La dottoressa Casely-Hayford fa riferimento all’affermazione di Bahá’u’lláh secondo la quale la conoscenza è “come le ali per la vita dell’uomo” e ha aggiunto: “Una società che non cerca di risolvere il problema dell’alfabetizzazione indebolisce la propria energia creativa e limita la propria capacità di affrontare ogni altra sfida, dal sostegno all’uguaglianza tra donne e uomini al miglioramento della sicurezza alimentare e della resilienza climatica”.

Intessere le lezioni con principi

Come accade in molte organizzazioni di ispirazione bahá’í, il lavoro di alfabetizzazione della Fondazione si propone di coniugare lo sviluppo delle competenze tecniche con lo scopo morale.

Le lezioni sono organizzate attorno a un principio (umiltà, sincerità, giustizia), che esorta gli studenti a riflettere su come quel principio possa orientare le loro scelte a casa, a scuola o nella comunità in senso lato.

I programmi della Fondazione Olinga promuovono negli insegnanti un profondo senso di scopo e di connessione con i loro studenti.

Gli insegnanti aiutano poi la classe a trasformare la comprensione della lettura in discussione, riflessione e piccoli atti di servizio.

I programmi della Fondazione dedicano particolare attenzione all’emancipazione delle donne. “Invitiamo sia i presidi che gli insegnanti a riconsiderare le proprie impostazioni”, spiega uno dei facilitatori dell’organizzazione, “per far sì che durante le lezioni vengano adottate procedure che portino ogni bambino, maschio o femmina, nel cuore della classe”.

I programmi della Fondazione attribuiscono particolare importanza all’emancipazione delle donne.

I risultati sono sorprendenti. “Quando una bambina che prima se ne stava seduta in silenzio inizia a leggere ad alta voce, la sua sicurezza in sé stessa è edificante per tutta la classe”, ha commentato Nubuasah. Secondo l’opinione dei membri dello staff, questa autostima si estende ben oltre le mura dell’aula: le bambine acquisiscono e trasmettono le loro conoscenze su pratiche igieniche e sanitarie migliori e fanno scelte consapevoli sul loro futuro – cambiamenti che si irradiano all’esterno, al benessere della famiglia, e tra i quali rientrano, in età più adulta quando saranno madri, tassi di mortalità infantile più bassi.

Una sessione di formazione per gli insegnanti.
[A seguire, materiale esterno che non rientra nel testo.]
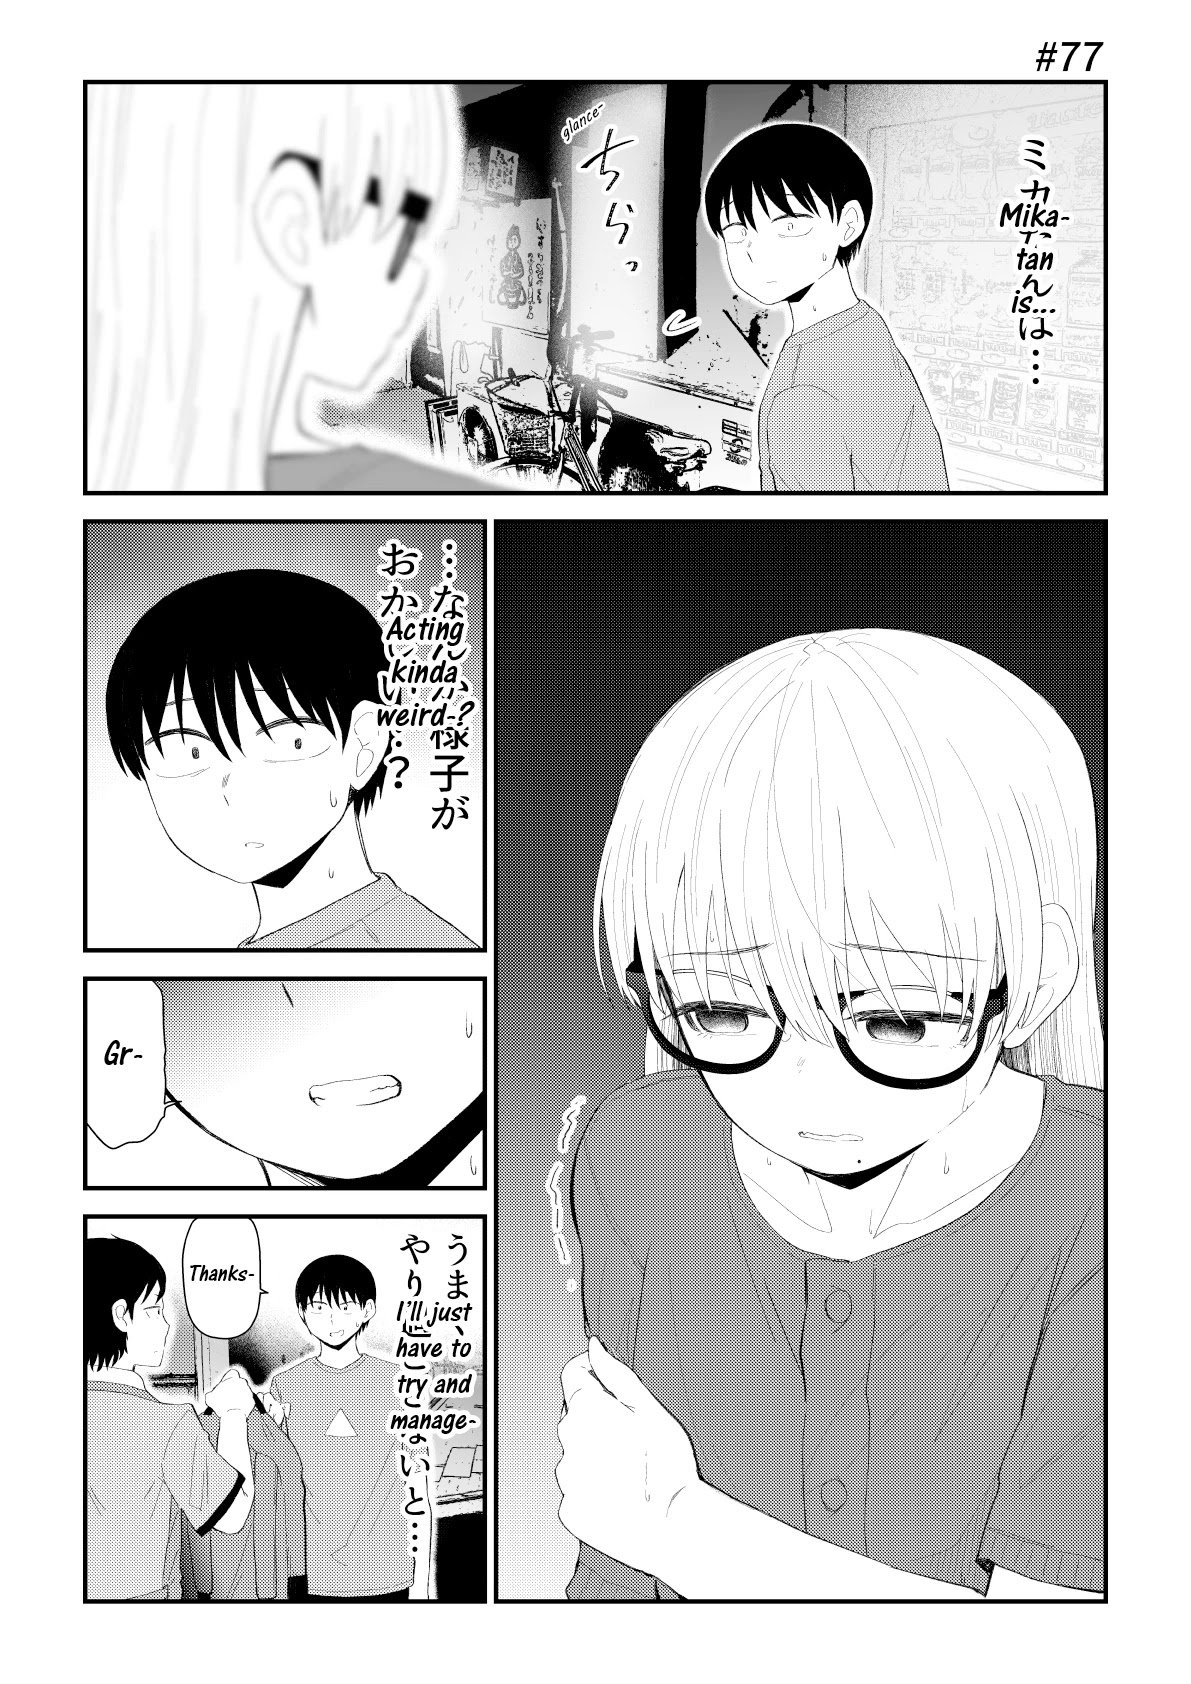 His Favorite Idol Moves in Next Door, the Romcom - chapter 77 - #1

“L’alfabetizzazione amplia gli orizzonti di un o una giovane”, ha aggiunto la dottoressa Casely-Hayford. “Una ragazza che legge molto comincia a immaginare sé stessa come una persona che contribuisce alla propria comunità. Questo senso meglio definito di identità e di scopo è una delle protezioni più sicure contro le pressioni, per esempio, di una gravidanza precoce”.
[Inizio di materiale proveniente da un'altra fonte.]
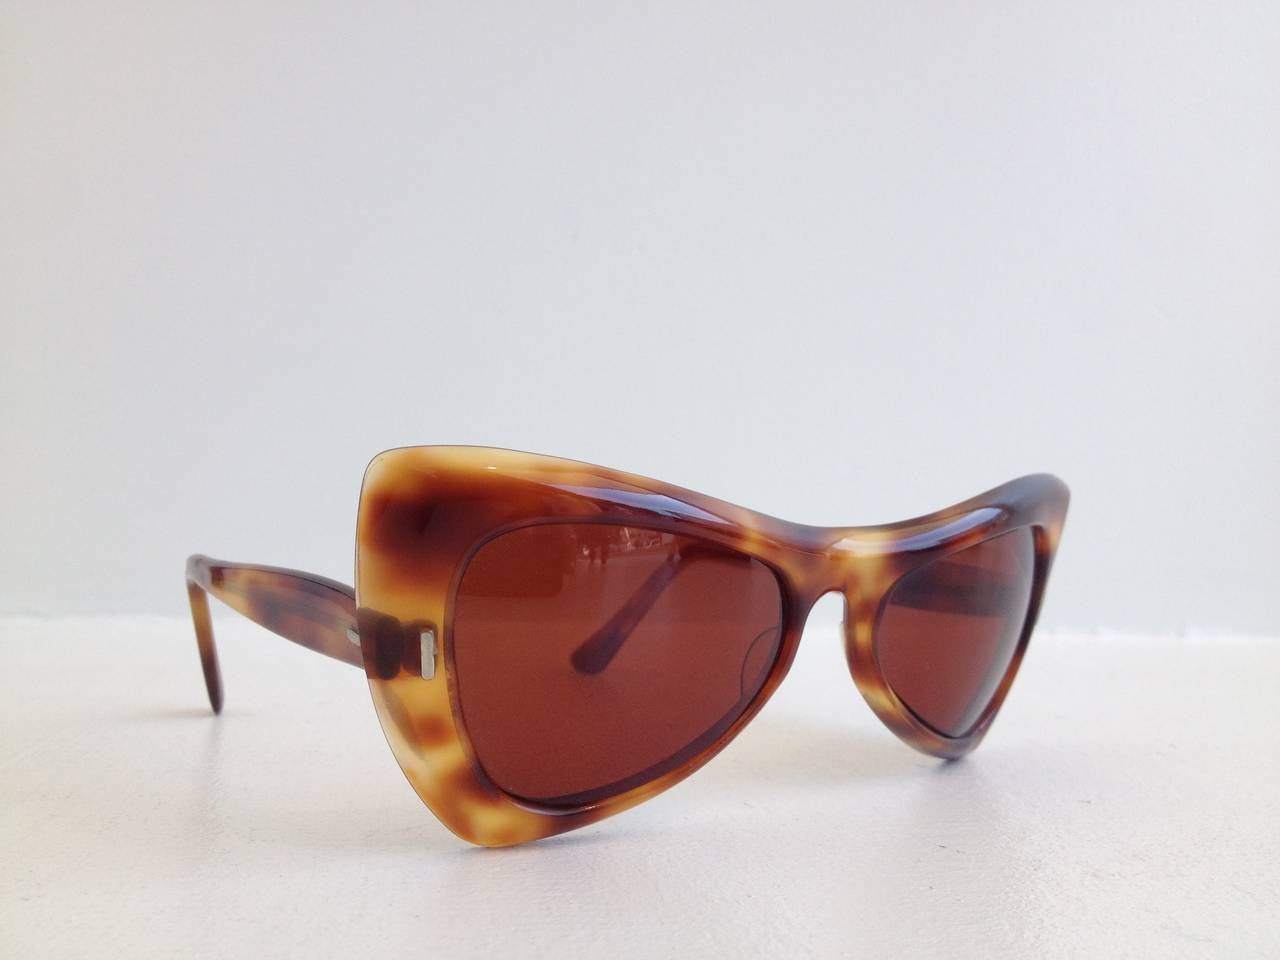 Rare and collectible designer Paulette Guinet is known for her surprising and fun designs that rocked the 1950s. This pair is shaped like an exaggerated cateye, extremely angular and elongated, and crafted from a beautiful caramel colored tortoise

Rafforzare le basi per la prosperità

Entro nove mesi dall’adozione del programma da parte di una scuola, la percentuale di alunni che legge bene aumenta solitamente da circa un quarto a ben oltre la metà.

“Quando i genitori si rendono conto che i propri figli sanno leggere ad alta voce, torna la speranza”, ha spiegato la dottoressa Casely-Hayford.

Le lezioni dei programmi di alfabetizzazione della Fondazione Olinga ruotano attorno a un principio (umiltà, sincerità, giustizia), che esorta gli studenti a riflettere su come quel principio possa orientare le loro scelte a casa, a scuola o nella comunità in senso lato.

“Famiglie, che già alle scuole medie avrebbero potuto ritirare i propri figli, cominciano ora ad incoraggiarli e la comunità ne sente il sollievo”, ha affermato.

In un suo commento sul percorso di studenti, insegnanti e comunità, Nubuasah ha affermato: “L’alfabetizzazione è una porta, ma ciò che conta di più è ciò che i bambini portano con sé varcando quella porta: la capacità di consultarsi, di servire, di costruire unità ovunque vadano”.